To truly understand how cgroups enable resource isolation in containerization, let’s walk through a practical demonstration. We’ll focus on isolating CPU and memory resources, mirroring techniques used in container technologies like Docker.

apt install cgroup-tools stress htop -y

# creating a single thread to 1 cpu to use full utils.
$ stress -c 1
stress: info: [1619373] dispatching hogs: 1 cpu, 0 io, 0 vm, 0 hdd

Let’s create a new cgroup for our experiment:

cd /sys/fs/cgroup
mkdir test_cgroup_parent && cd test_cgroup_parent

root@sigridjineth-Z590-VISION-G:/sys/fs/cgroup/test_cgroup_parent# tree
.
├── cgroup.controllers
├── cgroup.events
├── cgroup.freeze
├── cgroup.kill
├── cgroup.max.depth
├── cgroup.max.descendants
├── cgroup.pressure
├── cgroup.procs
├── cgroup.stat
├── cgroup.subtree_control
├── cgroup.threads
├── cgroup.type
├── cpu.idle
├── cpu.max
├── cpu.max.burst
├── cpu.pressure
├── cpuset.cpus
├── cpuset.cpus.effective
├── cpuset.cpus.partition
├── cpuset.mems
├── cpuset.mems.effective
├── cpu.stat
├── cpu.uclamp.max

We need to enable the CPU controller for our cgroup:

echo "+cpu" >> cgroup.subtree_control

Let’s limit the CPU usage to 10% of a single CPU core. This sets the CPU quota to 100,000 microseconds out of every 1,000,000 microsecond period, effectively limiting CPU usage to 10%.
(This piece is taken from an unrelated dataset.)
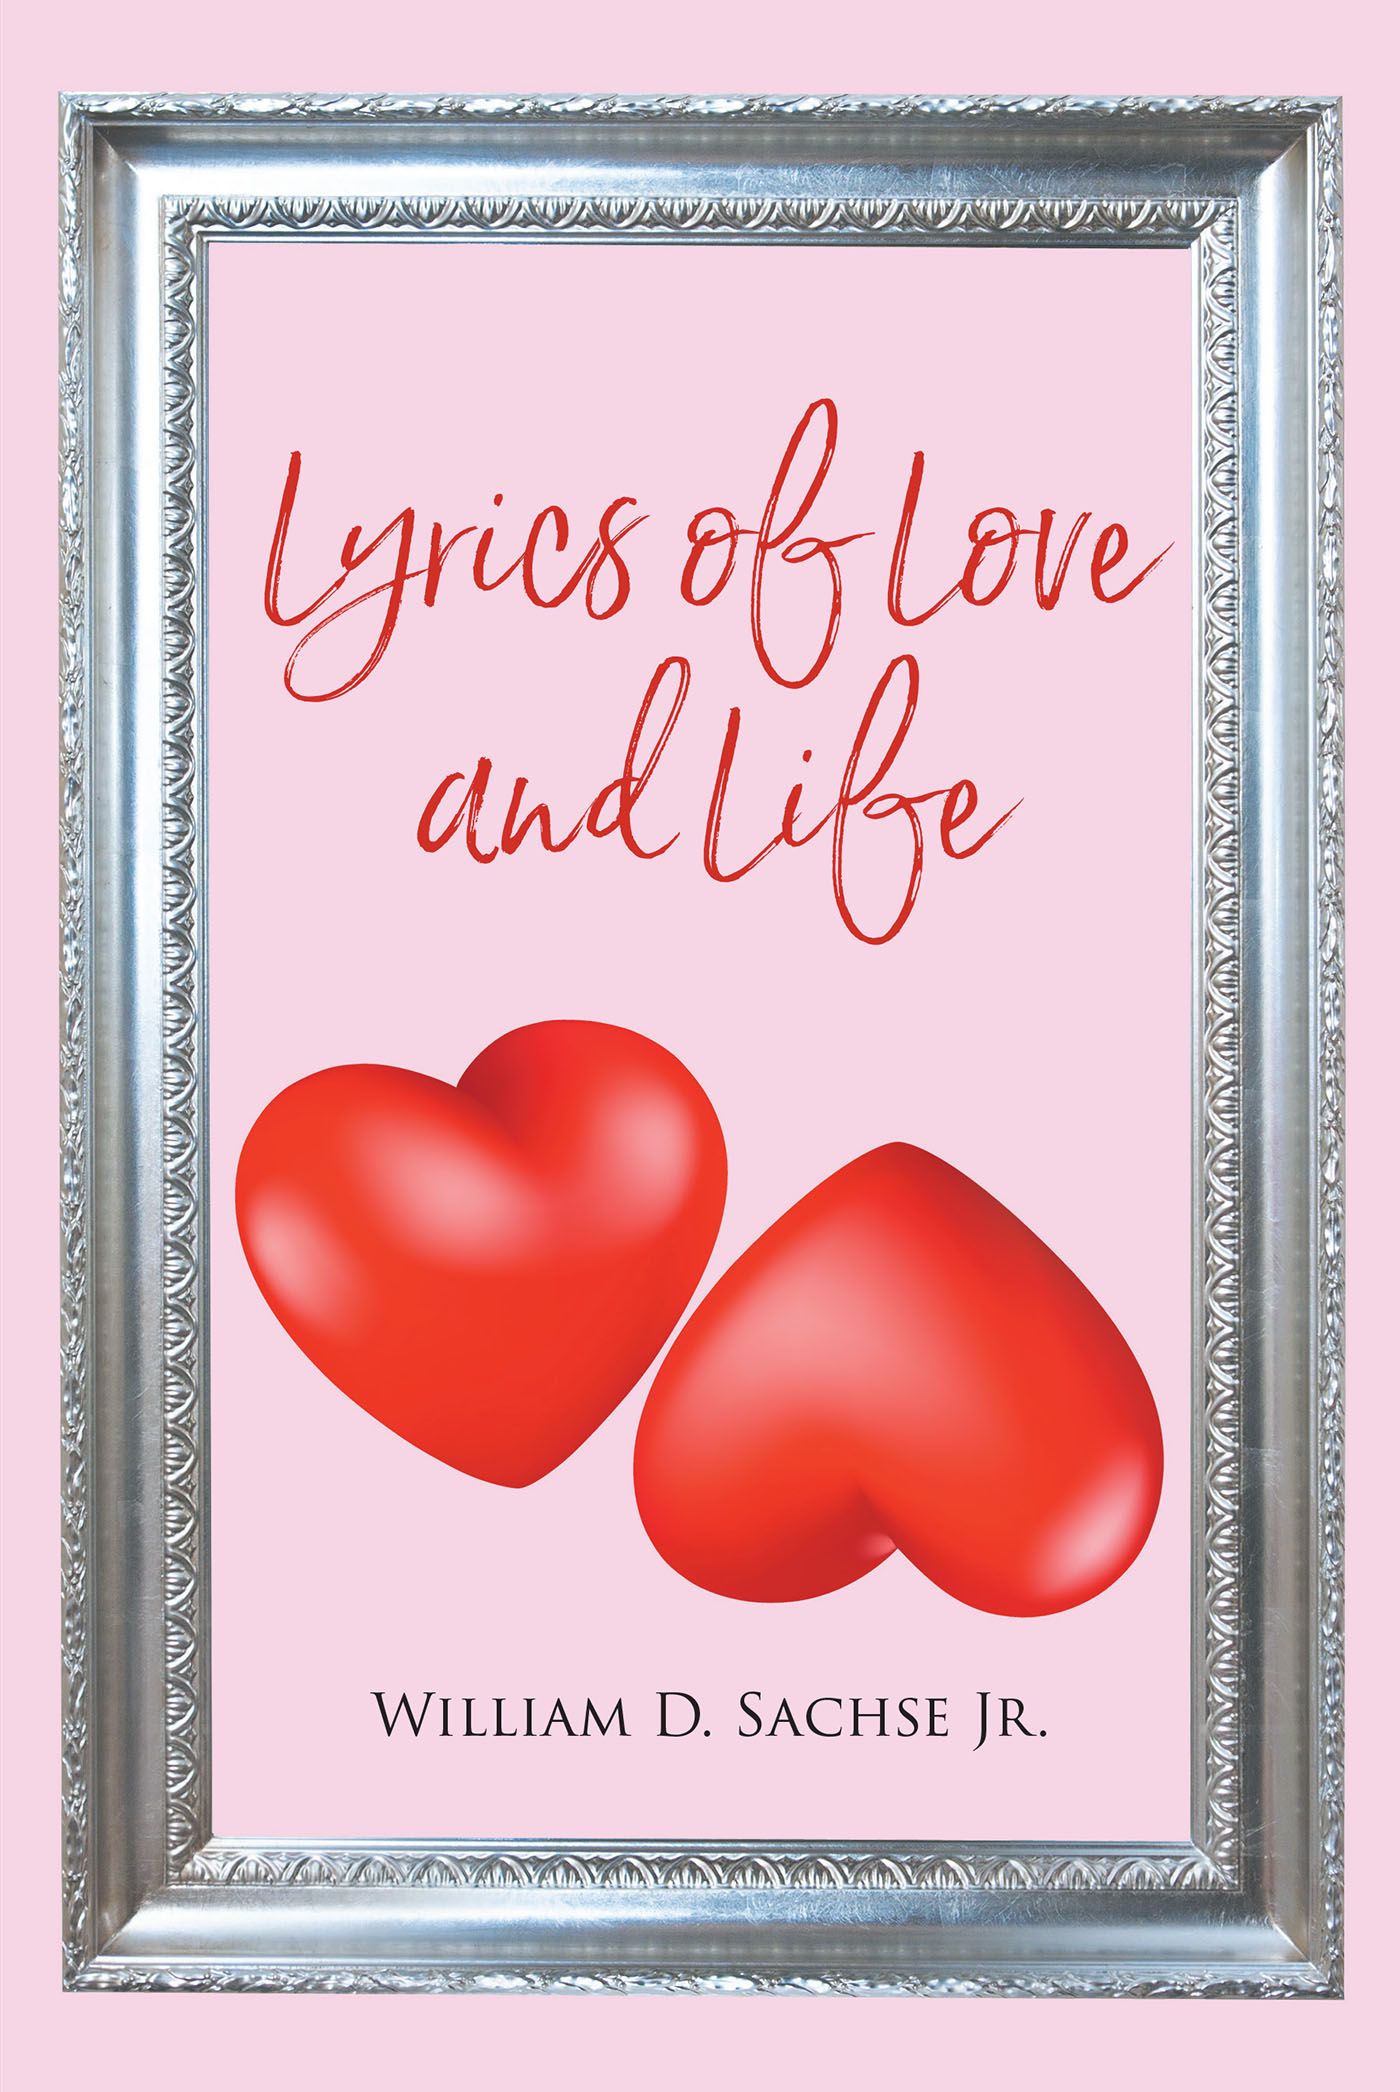 Lyrics of Love and Life Cover Image

echo "100000 1000000" > cpu.max

Create a child cgroup.

mkdir test_cgroup_child && cd test_cgroup_child

Assign the current shell to the cgroup. This moves the current shell process into our new cgroup, subjecting it to our resource limits.

echo $$ > cgroup.procs

Let’s generate CPU load then monitor the cpu usage.

stress -c 1

htop

You should observe that the stress process is limited to about 10% CPU usage, demonstrating our cgroup-based CPU isolation.
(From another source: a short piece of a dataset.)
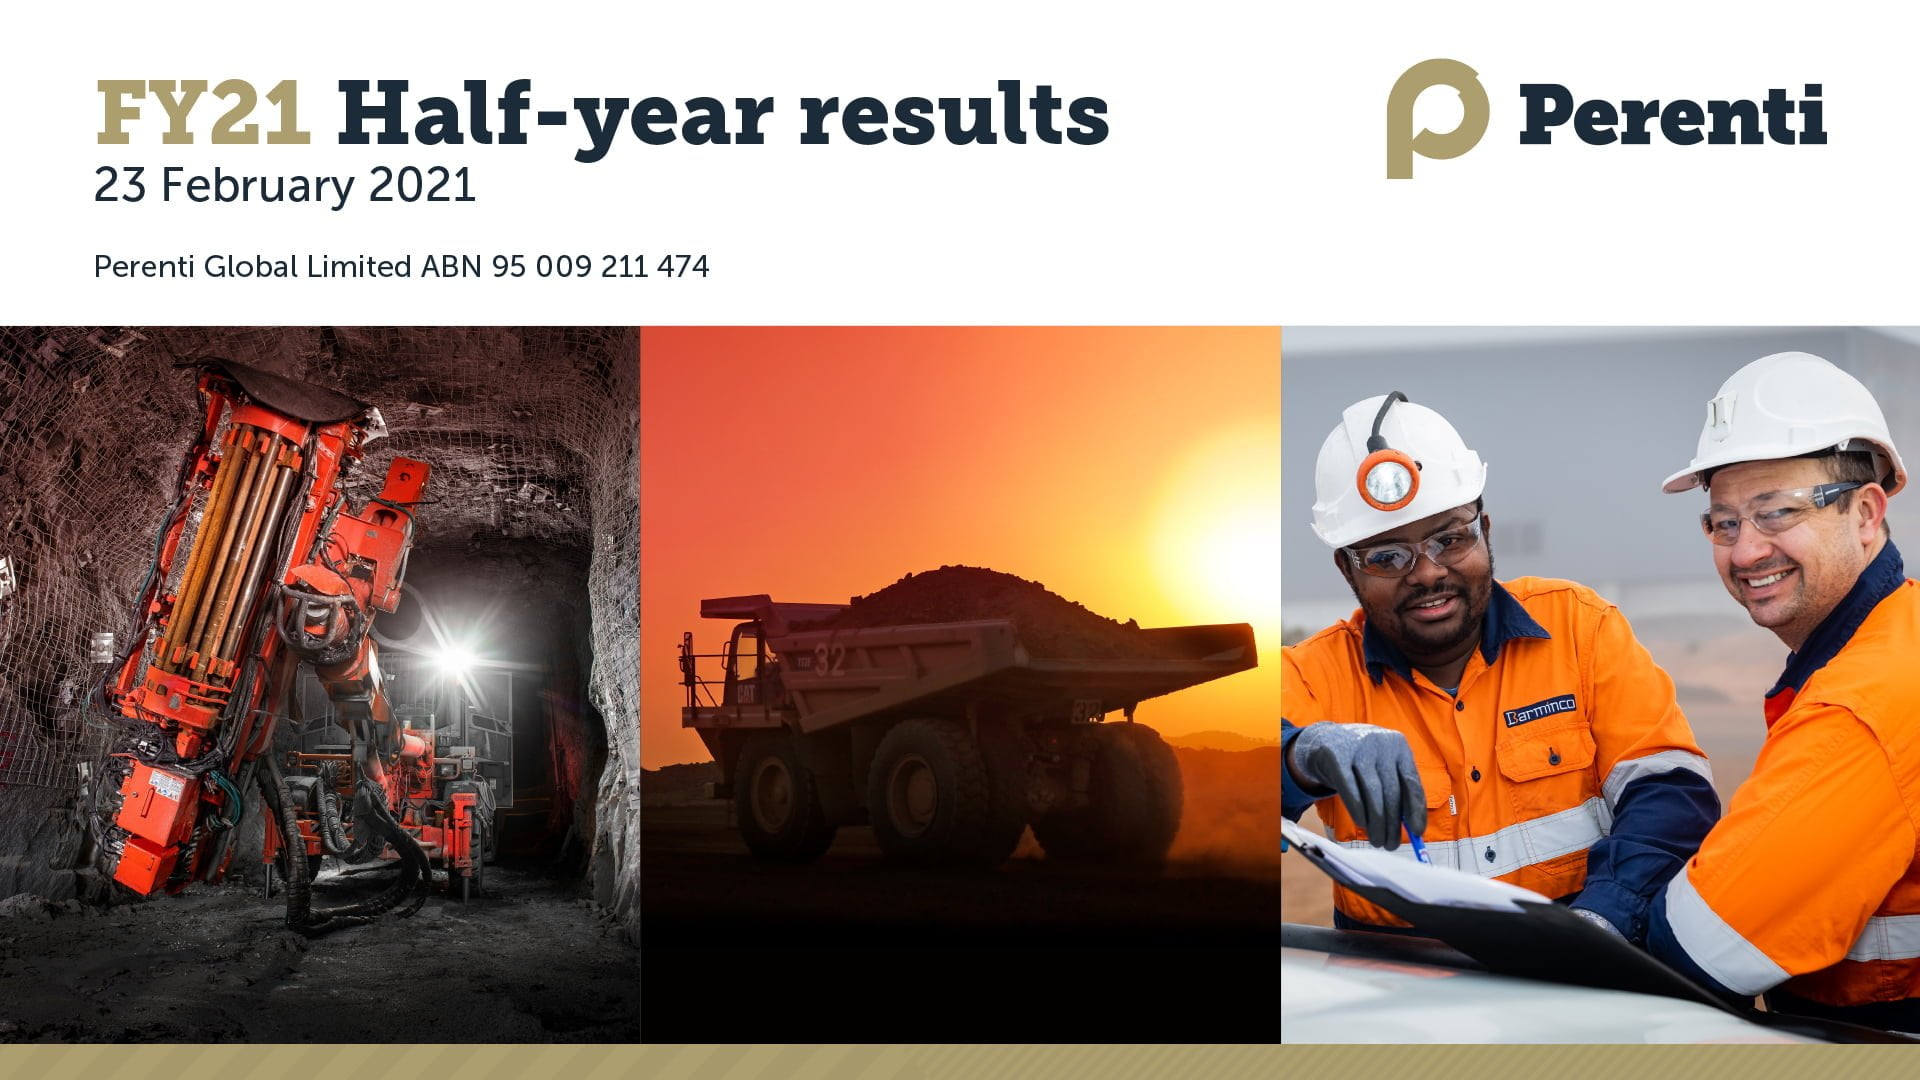 Disciplined strategy execution and strong Underground performance underpin Perenti’s 1H21 financial results

Now, let’s demonstrate memory isolation using cgroups. In the parent cgroup directory, run the following.

/sys/fs/cgroup/test_cgroup_parent# echo "+memory" >> cgroup.subtree_control

Let’s set a 100MB memory limit:

echo "100M" > memory.max

In the child cgroup directory:

cd test_cgroup_child/

stress -m 1 --vm-bytes 512M --vm-keep

You’ll notice that this command fails almost immediately. Unlike CPU limiting, which throttles usage, memory limiting causes the kernel to terminate processes that exceed the limit. This behavior is similar to what happens in container environments when a container exceeds its memory allocation, resulting in an Out of Memory (OOM) error.